Data are reported as mean and standard deviation (mean ± SD) for continuous variables, whereas categorical and dichotomous variables are reported as frequencies and percentage. The tendon thickness and the percentage of US abnormalities found in the shoulders of diabetic subjects were compared with that observed in controls. Afterwards, the differences in tendon thickness between dominant and non - dominant side and according to diabetes duration were analyzed.
The significance level was determined at p < 0.05. The two - sample Student's t - test was used to compare continuous variables when the distribution of data was normal; the Wilcoxon's rank sum test was used otherwise. The χ 2 test was used to evaluate associations between categorical data.
All analyses were done using SAS statistical software, release 8.1.
Demographic and clinical characteristics of diabetic and control subjects are presented in Table 1.
The subjects did not differ for age, sex and previous working activity. None of the subjects enrolled practised sports or had hobbies involving the use of shoulder joints. Cardiovascular complications (Hypertension, Coronary Heart Disease), as expected, were observed more frequently in diabetics.
The duration of diabetes was less than 10 years (mean 6.8 ± 1.9) in 34 subjects and more than 10 years (mean 14.7 ± 2.2 years) in 14. In all the participants, HbA1c levels were < 8.0 gr/dl.
In both groups, tears of SST were more frequently observed (Figure 2). The percentage of both minor and major tears was higher in diabetics, but the difference was significant only for SST minor tears. Massive tears of SST were always associated with an involvement of IFT. No tears in the SBT were registered.
Subjects with diabetes duration more than 10 years exhibited more SST and BT tears, but the difference was not significant at statistical analysis: 1) SST: Minor tears 7/28 (25%) vs 8/68 (11.7%), p = 0.10; Major tears 6/28 (21.4%) vs 9/68 (13.2%), p = 0.31; 2) BT: Minor tears 1/28 (3.5%) vs 2/68 (2.9%), p = 0.87; Major tears 3/28 (10.7%) vs 2/68 (2.9%), p = 0.11).
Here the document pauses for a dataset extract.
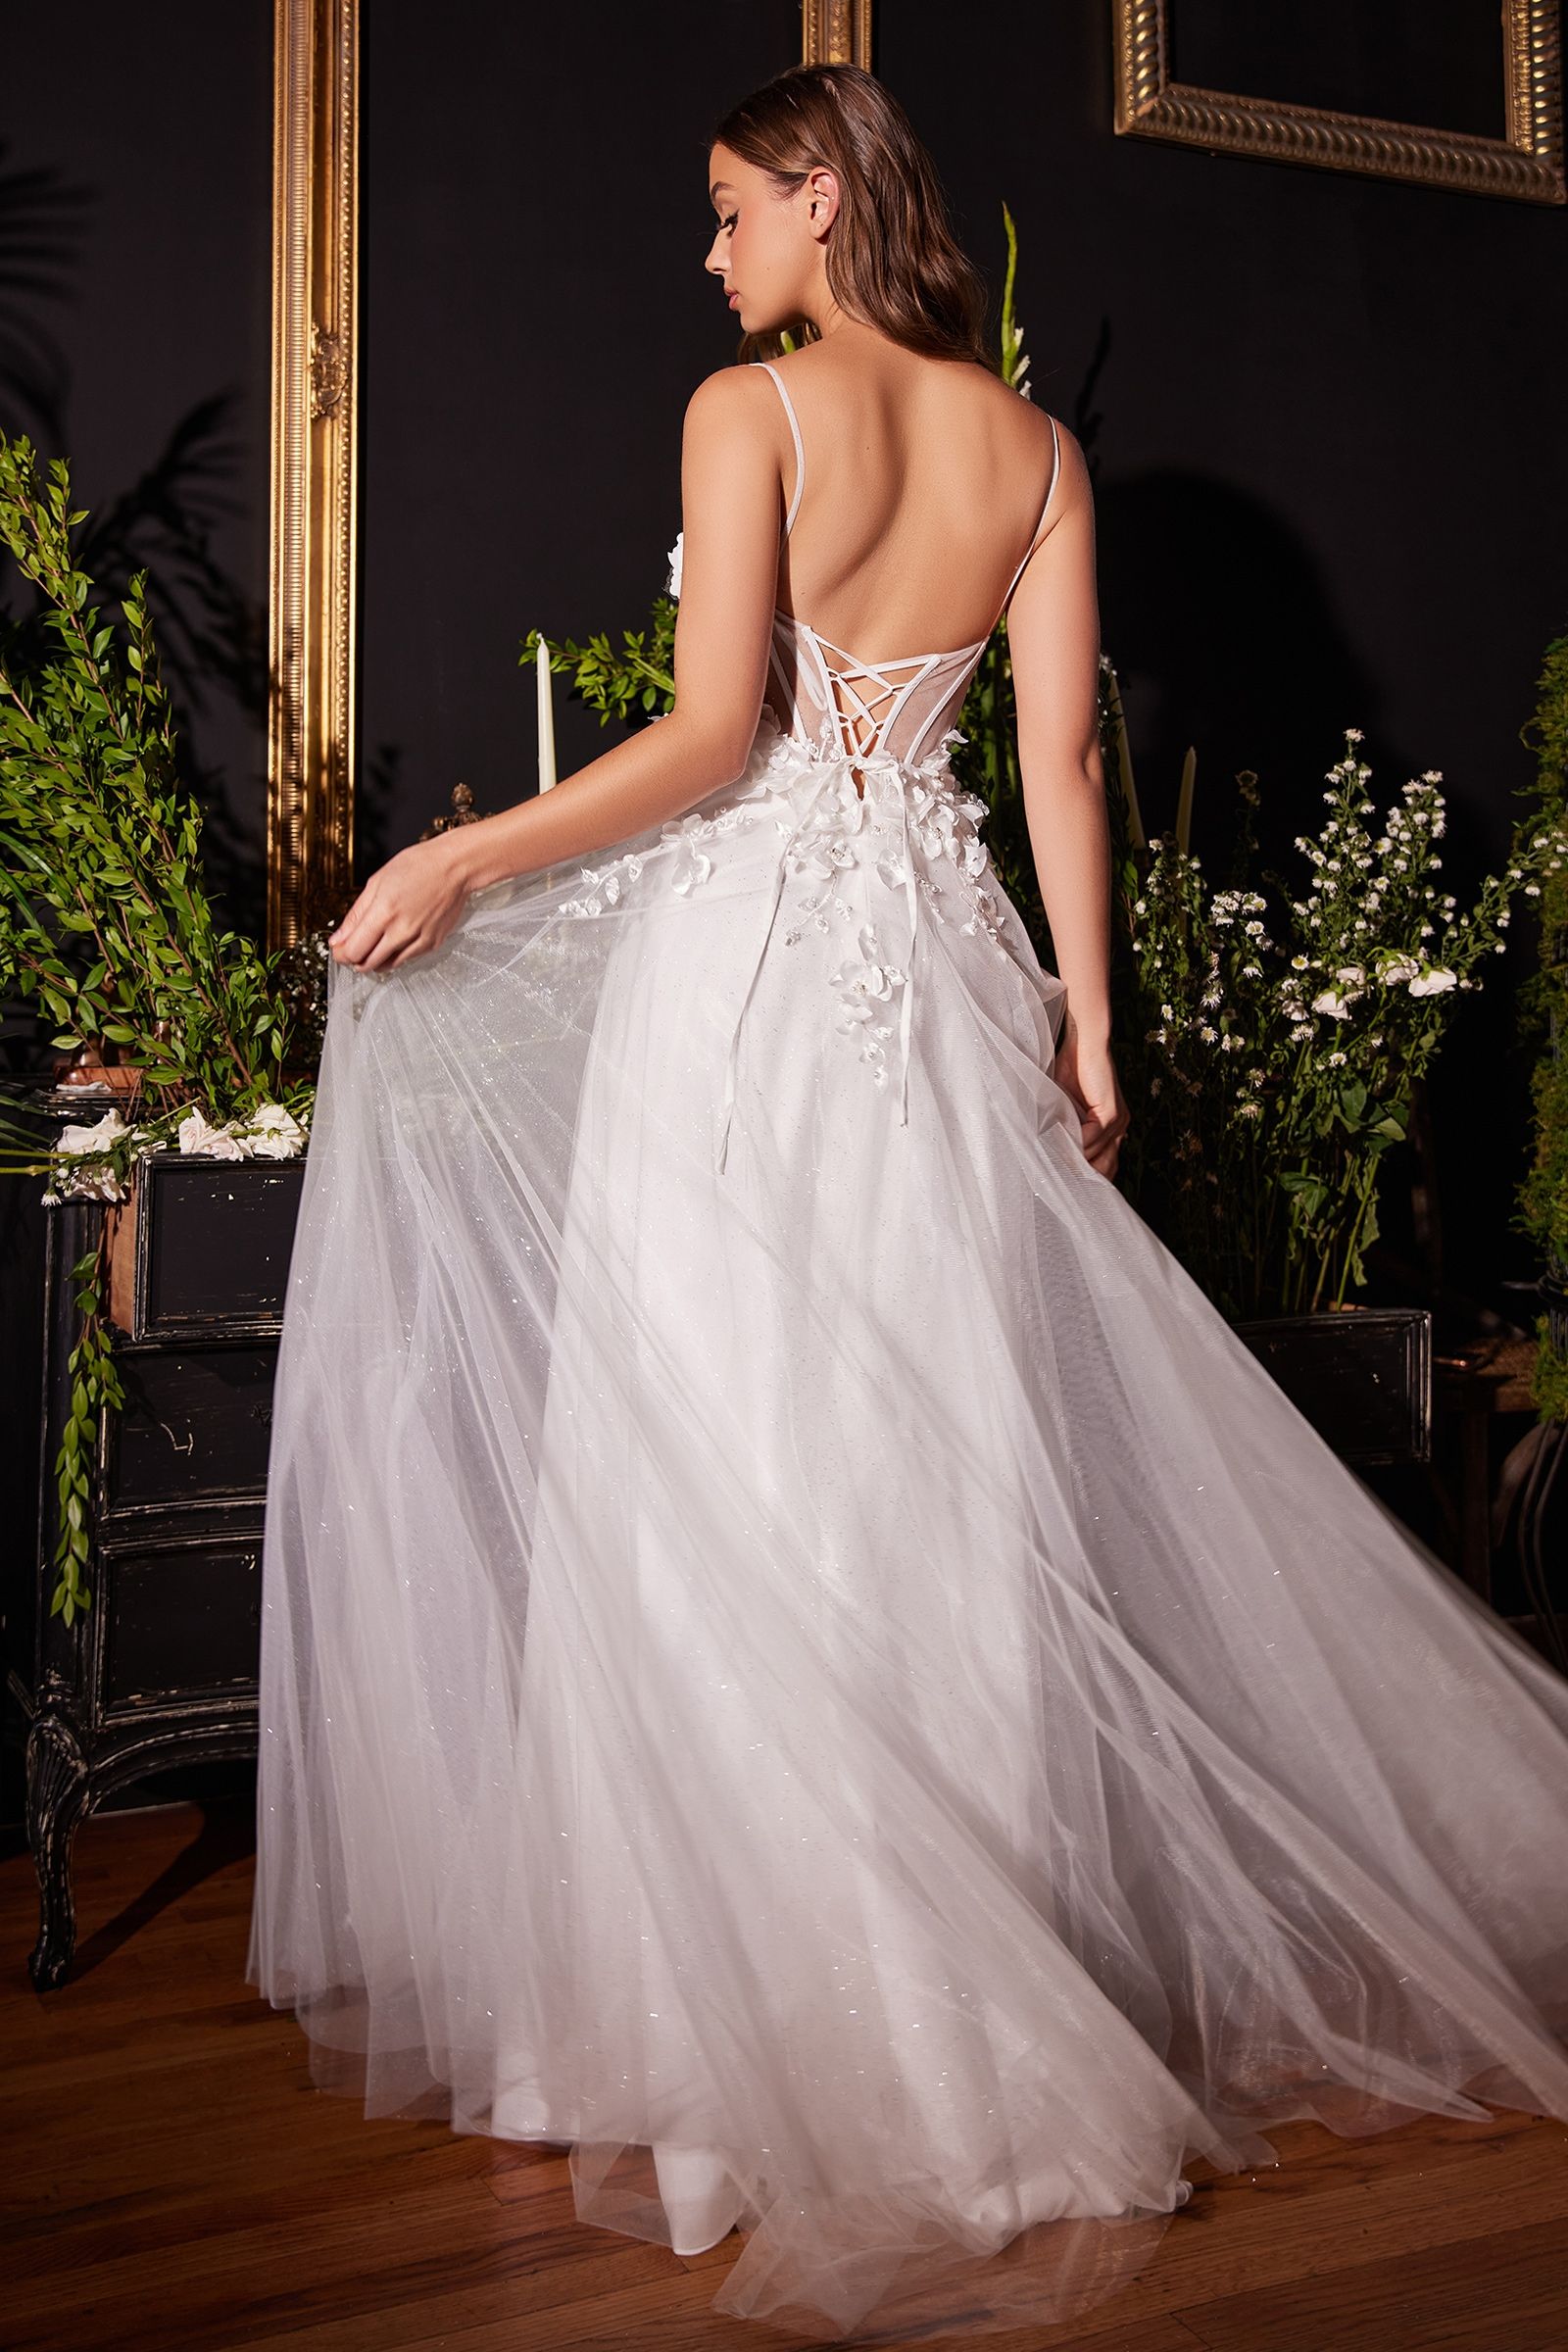 Tulle A-Line Gown with Floral Applique-smcdress

The prevalence of degenerative abnormalities in rotator cuff tendons and BT was significantly higher in diabetics.
Several studies have shown that the prevalence of rotator cuff tendons tears is increased in elderly subjects, with or without shoulder pain or movement limitation [1–9]. Moreover, it is well known that patients with diabetes are at increased risk for shoulder pathologies, such as frozen shoulder or rotator cuff tears [12–22]. In addition, after a surgical repair, diabetics show a restricted range of motion of the shoulderand a higher incidence in re-tears. This observation can be related to the intrinsic poor quality of the tissue that is being repaired.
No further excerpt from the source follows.